◆ Data:
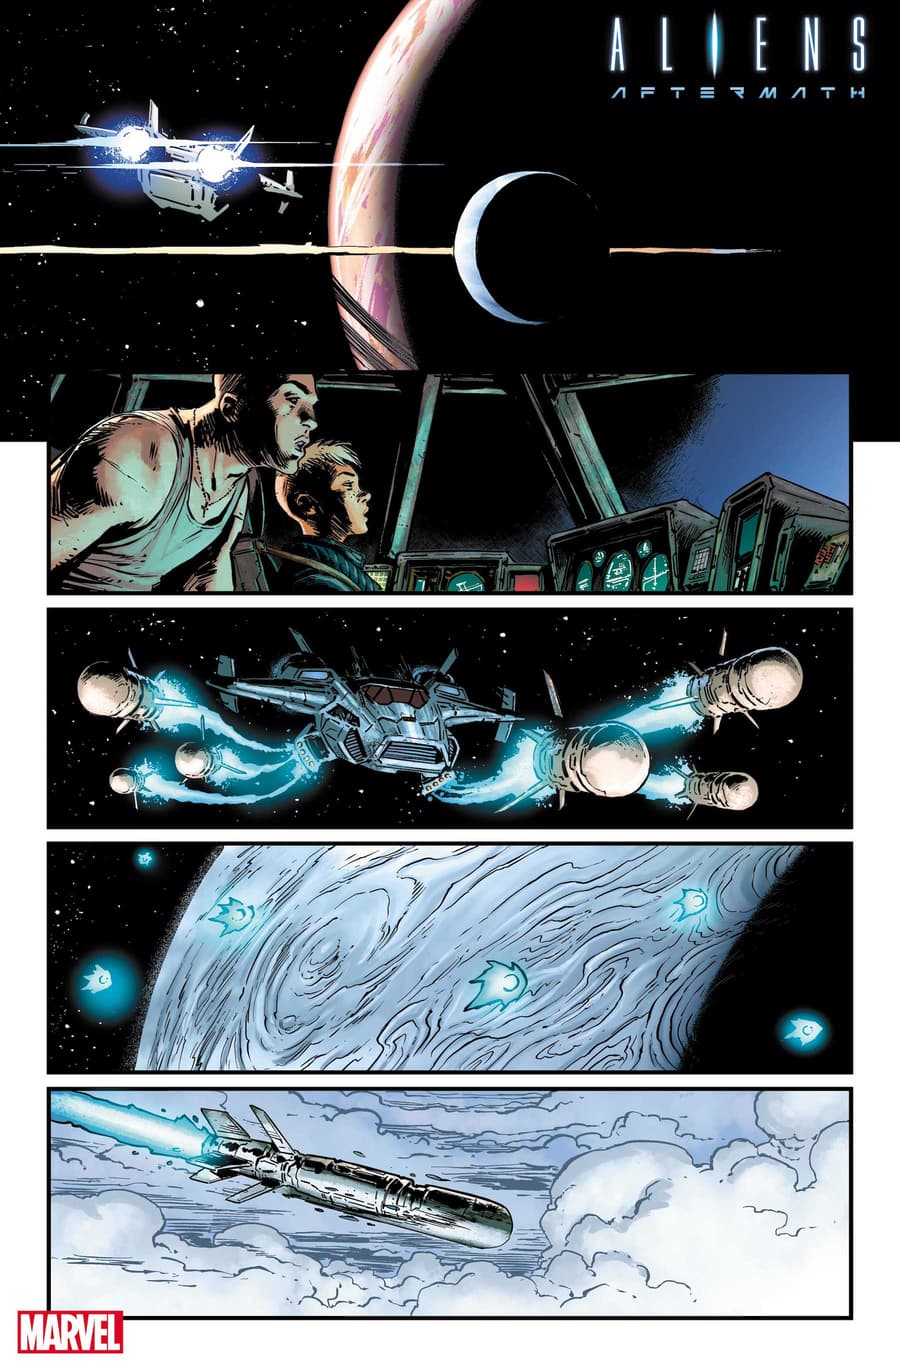 ALIENS: AFTERMATH #1 preview art by Dave Wachter with colors by Chris Sotomayor
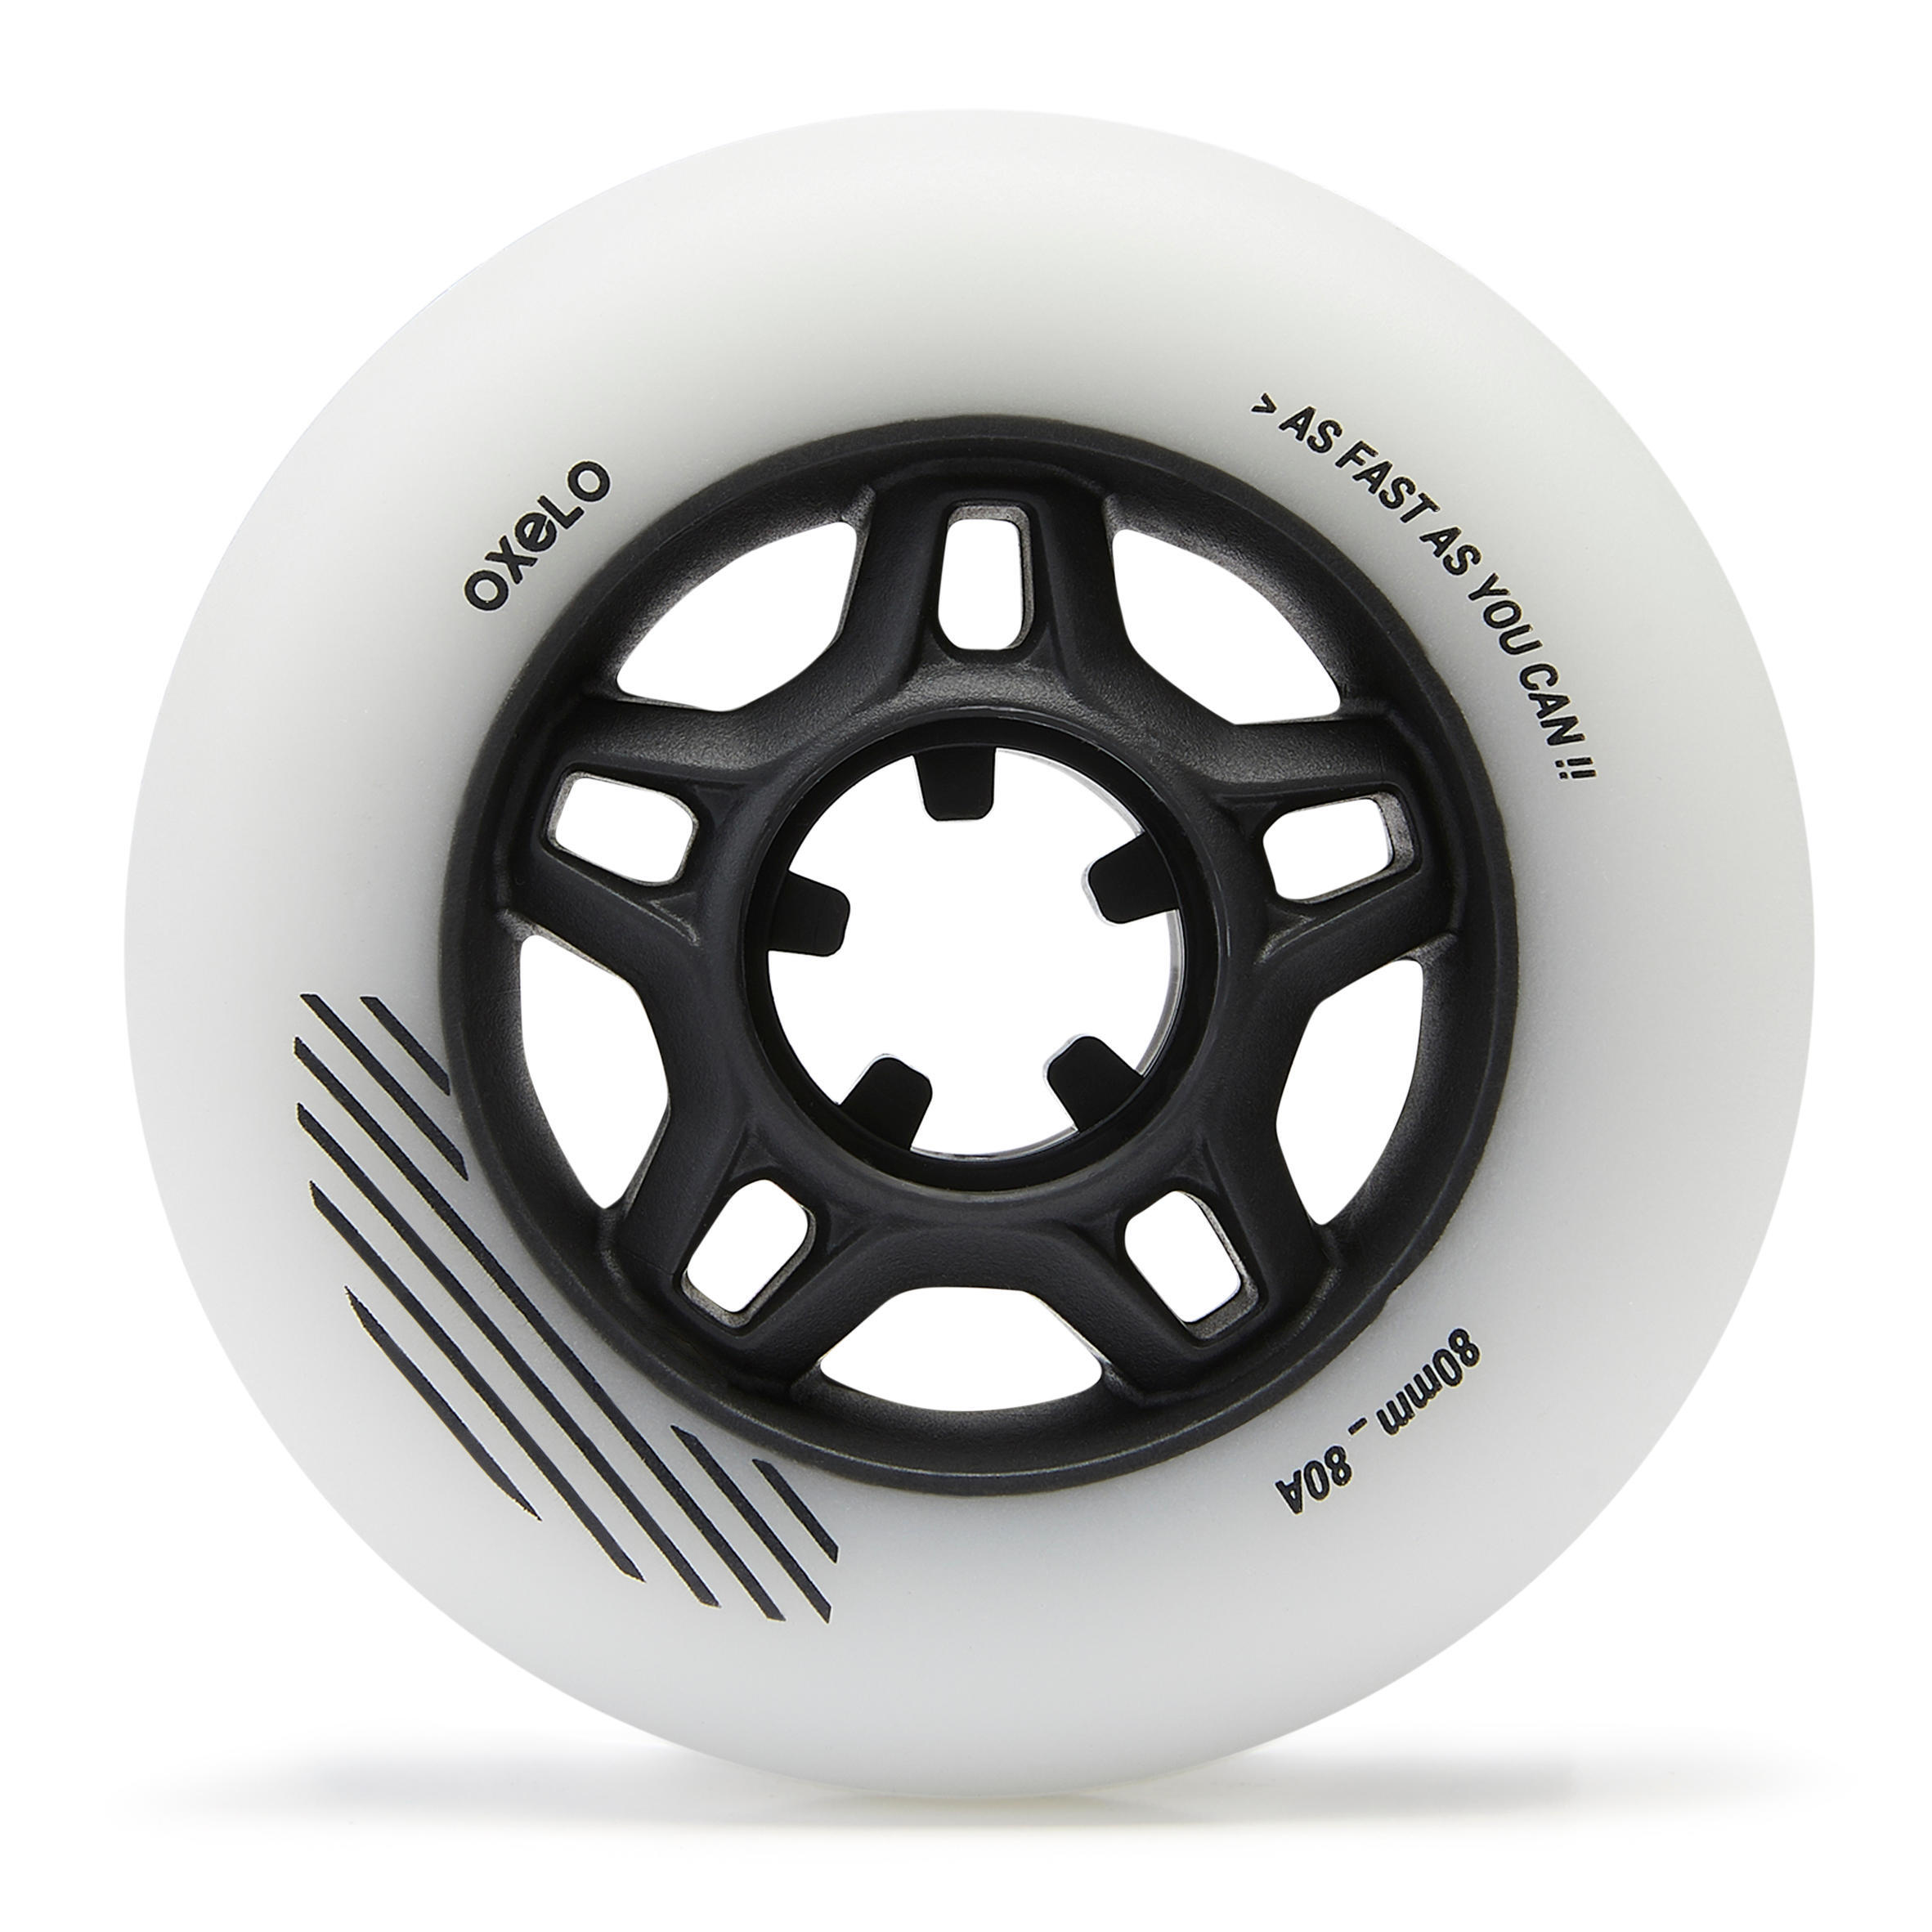 Adult 80mm 80A Fitness Inline Skating Wheels Fit 4-Pack - White 2/6
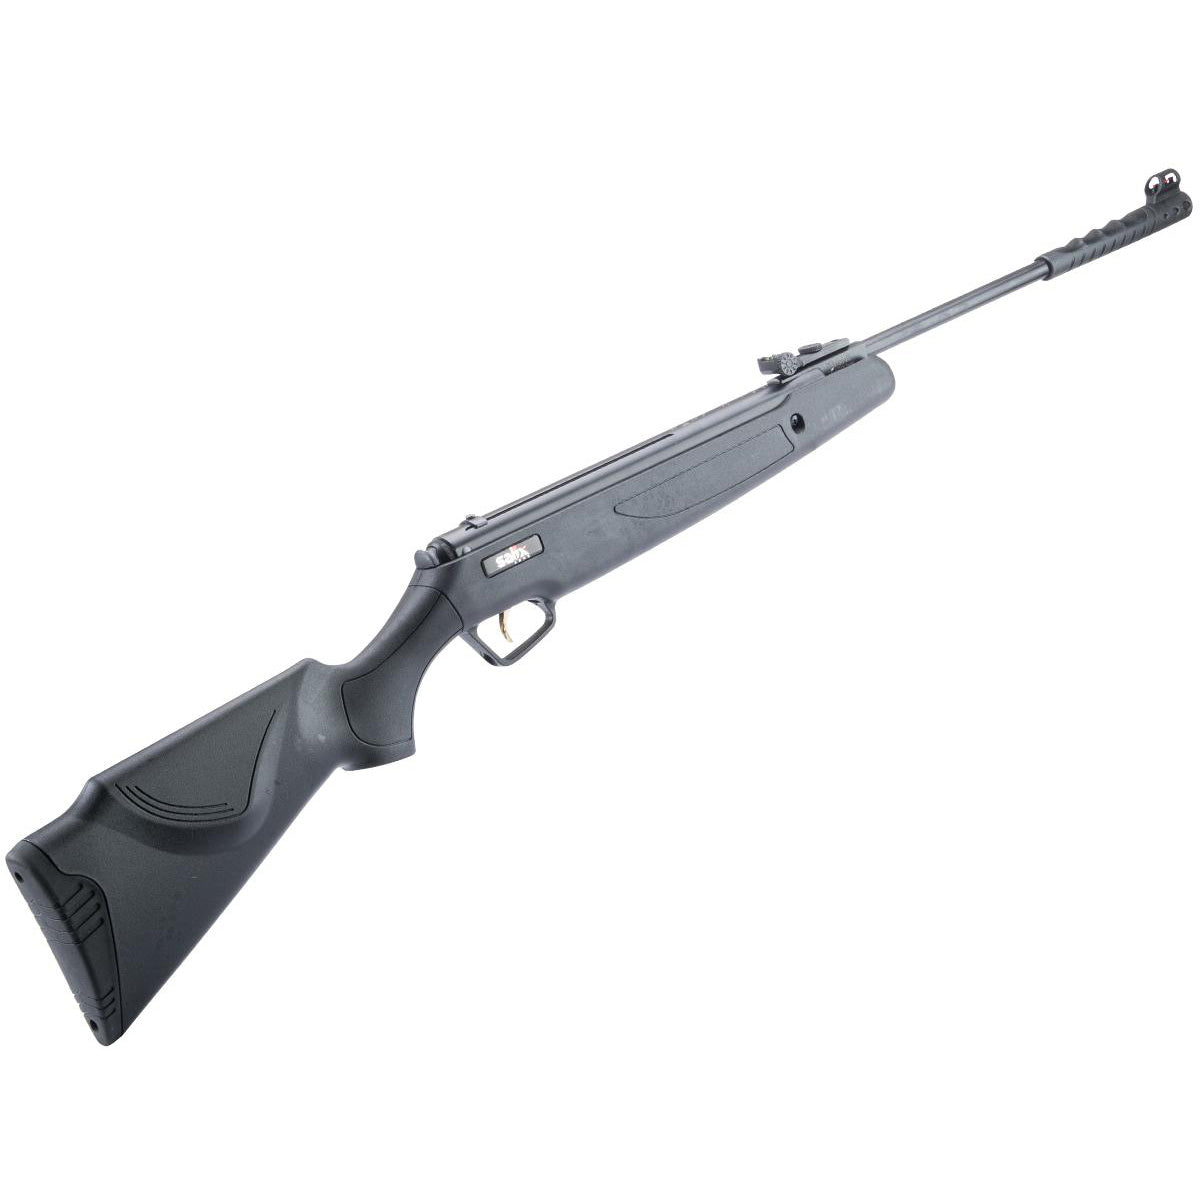 SALIX, TRIMEX ARMS TX01 BREAK BARREL SPRING AIR RIFLE WITH SYNTHETIC STOCK .22

◆ What the task asks: In your answer, repeat the material above in full, exactly, and without its pictures.

◆ Response for this exercise:
 ALIENS: AFTERMATH #1 preview art by Dave Wachter with colors by Chris Sotomayor
 Adult 80mm 80A Fitness Inline Skating Wheels Fit 4-Pack - White 2/6
 SALIX, TRIMEX ARMS TX01 BREAK BARREL SPRING AIR RIFLE WITH SYNTHETIC STOCK .22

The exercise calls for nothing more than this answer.